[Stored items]
______________________________

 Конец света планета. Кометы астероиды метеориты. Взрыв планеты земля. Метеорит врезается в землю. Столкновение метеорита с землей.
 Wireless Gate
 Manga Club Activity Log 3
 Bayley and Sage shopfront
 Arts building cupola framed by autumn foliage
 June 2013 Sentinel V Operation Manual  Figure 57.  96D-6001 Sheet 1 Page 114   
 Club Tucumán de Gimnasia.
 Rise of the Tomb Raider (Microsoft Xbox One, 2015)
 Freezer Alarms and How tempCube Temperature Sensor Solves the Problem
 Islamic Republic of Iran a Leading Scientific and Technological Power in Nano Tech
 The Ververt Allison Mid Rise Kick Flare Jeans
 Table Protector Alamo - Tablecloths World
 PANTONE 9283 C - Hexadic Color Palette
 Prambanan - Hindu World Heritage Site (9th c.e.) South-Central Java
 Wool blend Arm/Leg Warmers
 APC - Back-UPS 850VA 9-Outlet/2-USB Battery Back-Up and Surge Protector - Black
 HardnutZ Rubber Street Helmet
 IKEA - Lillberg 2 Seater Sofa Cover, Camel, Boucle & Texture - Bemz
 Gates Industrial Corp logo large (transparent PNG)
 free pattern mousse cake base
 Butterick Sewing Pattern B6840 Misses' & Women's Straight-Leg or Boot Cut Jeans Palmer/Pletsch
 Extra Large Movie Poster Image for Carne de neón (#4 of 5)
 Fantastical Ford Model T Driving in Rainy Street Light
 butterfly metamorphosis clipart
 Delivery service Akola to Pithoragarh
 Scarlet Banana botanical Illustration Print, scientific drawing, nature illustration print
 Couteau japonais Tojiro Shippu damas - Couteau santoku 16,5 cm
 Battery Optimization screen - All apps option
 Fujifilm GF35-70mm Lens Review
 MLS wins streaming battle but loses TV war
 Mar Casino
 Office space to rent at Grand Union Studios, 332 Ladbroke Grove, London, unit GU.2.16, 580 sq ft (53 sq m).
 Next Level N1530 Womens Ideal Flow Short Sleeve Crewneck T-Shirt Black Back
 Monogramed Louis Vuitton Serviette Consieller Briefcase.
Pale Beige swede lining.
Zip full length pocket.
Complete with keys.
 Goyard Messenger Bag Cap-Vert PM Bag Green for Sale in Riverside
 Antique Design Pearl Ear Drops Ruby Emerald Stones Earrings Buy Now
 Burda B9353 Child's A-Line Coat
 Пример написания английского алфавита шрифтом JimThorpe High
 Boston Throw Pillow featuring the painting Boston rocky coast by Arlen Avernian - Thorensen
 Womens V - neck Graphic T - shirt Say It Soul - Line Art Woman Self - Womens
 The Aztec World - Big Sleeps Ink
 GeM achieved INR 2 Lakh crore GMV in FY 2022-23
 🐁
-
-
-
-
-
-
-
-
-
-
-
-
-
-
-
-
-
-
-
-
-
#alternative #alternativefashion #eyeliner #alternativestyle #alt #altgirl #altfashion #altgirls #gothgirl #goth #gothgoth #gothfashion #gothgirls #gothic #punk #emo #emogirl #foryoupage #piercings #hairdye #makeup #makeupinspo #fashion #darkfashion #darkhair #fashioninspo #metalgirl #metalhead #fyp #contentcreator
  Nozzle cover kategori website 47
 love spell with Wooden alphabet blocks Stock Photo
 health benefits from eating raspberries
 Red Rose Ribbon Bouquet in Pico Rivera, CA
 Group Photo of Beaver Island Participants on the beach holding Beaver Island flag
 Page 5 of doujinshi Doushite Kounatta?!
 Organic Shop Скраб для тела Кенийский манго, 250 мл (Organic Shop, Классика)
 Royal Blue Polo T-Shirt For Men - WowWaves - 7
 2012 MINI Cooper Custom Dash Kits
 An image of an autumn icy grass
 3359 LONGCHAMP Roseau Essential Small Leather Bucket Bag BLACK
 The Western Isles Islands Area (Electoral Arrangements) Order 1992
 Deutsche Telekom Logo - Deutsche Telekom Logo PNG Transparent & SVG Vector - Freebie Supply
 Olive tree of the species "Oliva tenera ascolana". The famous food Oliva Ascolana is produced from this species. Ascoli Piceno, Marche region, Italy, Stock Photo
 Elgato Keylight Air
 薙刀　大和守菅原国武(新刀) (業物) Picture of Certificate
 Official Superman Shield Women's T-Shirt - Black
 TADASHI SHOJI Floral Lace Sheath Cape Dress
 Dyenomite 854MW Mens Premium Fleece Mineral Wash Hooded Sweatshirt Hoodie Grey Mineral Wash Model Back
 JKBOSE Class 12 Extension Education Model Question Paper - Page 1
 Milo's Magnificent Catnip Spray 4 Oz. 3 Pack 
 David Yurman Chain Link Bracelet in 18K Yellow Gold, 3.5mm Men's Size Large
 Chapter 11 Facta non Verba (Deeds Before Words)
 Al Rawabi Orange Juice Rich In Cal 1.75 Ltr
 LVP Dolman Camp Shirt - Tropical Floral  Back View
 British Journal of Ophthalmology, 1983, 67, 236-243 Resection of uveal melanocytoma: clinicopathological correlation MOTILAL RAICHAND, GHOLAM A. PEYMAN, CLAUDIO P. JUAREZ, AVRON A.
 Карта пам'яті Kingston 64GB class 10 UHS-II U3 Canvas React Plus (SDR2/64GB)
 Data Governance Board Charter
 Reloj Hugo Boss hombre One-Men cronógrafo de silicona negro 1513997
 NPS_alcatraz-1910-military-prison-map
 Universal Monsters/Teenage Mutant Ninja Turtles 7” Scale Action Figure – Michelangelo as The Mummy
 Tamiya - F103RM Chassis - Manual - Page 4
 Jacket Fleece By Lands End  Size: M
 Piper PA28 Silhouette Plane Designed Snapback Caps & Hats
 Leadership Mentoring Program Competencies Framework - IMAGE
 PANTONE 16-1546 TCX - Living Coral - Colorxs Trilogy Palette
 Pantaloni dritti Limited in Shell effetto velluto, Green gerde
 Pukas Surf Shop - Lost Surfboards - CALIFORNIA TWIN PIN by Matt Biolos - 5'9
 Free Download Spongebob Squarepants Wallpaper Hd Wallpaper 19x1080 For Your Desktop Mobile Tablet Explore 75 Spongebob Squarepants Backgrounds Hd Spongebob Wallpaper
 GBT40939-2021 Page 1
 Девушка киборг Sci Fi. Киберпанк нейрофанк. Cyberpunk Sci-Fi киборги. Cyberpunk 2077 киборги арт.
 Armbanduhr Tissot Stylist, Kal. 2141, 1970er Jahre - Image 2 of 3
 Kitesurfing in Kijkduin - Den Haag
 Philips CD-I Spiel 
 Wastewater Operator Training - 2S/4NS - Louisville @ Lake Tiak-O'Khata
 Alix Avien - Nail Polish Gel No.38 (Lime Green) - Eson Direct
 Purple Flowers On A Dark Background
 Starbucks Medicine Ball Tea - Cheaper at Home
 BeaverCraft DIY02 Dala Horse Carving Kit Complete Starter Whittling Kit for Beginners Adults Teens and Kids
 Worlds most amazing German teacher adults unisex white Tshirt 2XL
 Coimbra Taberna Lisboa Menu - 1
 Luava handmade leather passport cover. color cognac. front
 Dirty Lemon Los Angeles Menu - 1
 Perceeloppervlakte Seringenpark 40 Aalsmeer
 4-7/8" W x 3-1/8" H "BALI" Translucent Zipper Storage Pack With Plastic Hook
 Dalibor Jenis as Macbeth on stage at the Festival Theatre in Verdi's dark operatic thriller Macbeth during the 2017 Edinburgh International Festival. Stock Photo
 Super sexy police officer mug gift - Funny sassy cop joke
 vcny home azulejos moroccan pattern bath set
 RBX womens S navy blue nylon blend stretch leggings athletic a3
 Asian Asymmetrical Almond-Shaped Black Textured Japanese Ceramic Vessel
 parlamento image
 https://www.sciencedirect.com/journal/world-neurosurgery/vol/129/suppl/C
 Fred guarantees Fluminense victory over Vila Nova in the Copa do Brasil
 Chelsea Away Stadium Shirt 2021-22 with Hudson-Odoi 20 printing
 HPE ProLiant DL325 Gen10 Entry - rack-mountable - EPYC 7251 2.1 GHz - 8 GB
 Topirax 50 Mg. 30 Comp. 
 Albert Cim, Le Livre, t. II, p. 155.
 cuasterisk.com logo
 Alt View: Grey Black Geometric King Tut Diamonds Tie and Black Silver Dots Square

______________________________

▶ Exercise details: Which lines run from the one holding "Al Rawabi Orange Juice Rich In Cal 1.75 Ltr" through the one holding "British Journal of" in the records above? Repeat them exactly, both included, and nothing more.

▶ Answer to this exercise:
 Al Rawabi Orange Juice Rich In Cal 1.75 Ltr
 LVP Dolman Camp Shirt - Tropical Floral  Back View
 British Journal of Ophthalmology, 1983, 67, 236-243 Resection of uveal melanocytoma: clinicopathological correlation MOTILAL RAICHAND, GHOLAM A. PEYMAN, CLAUDIO P. JUAREZ, AVRON A.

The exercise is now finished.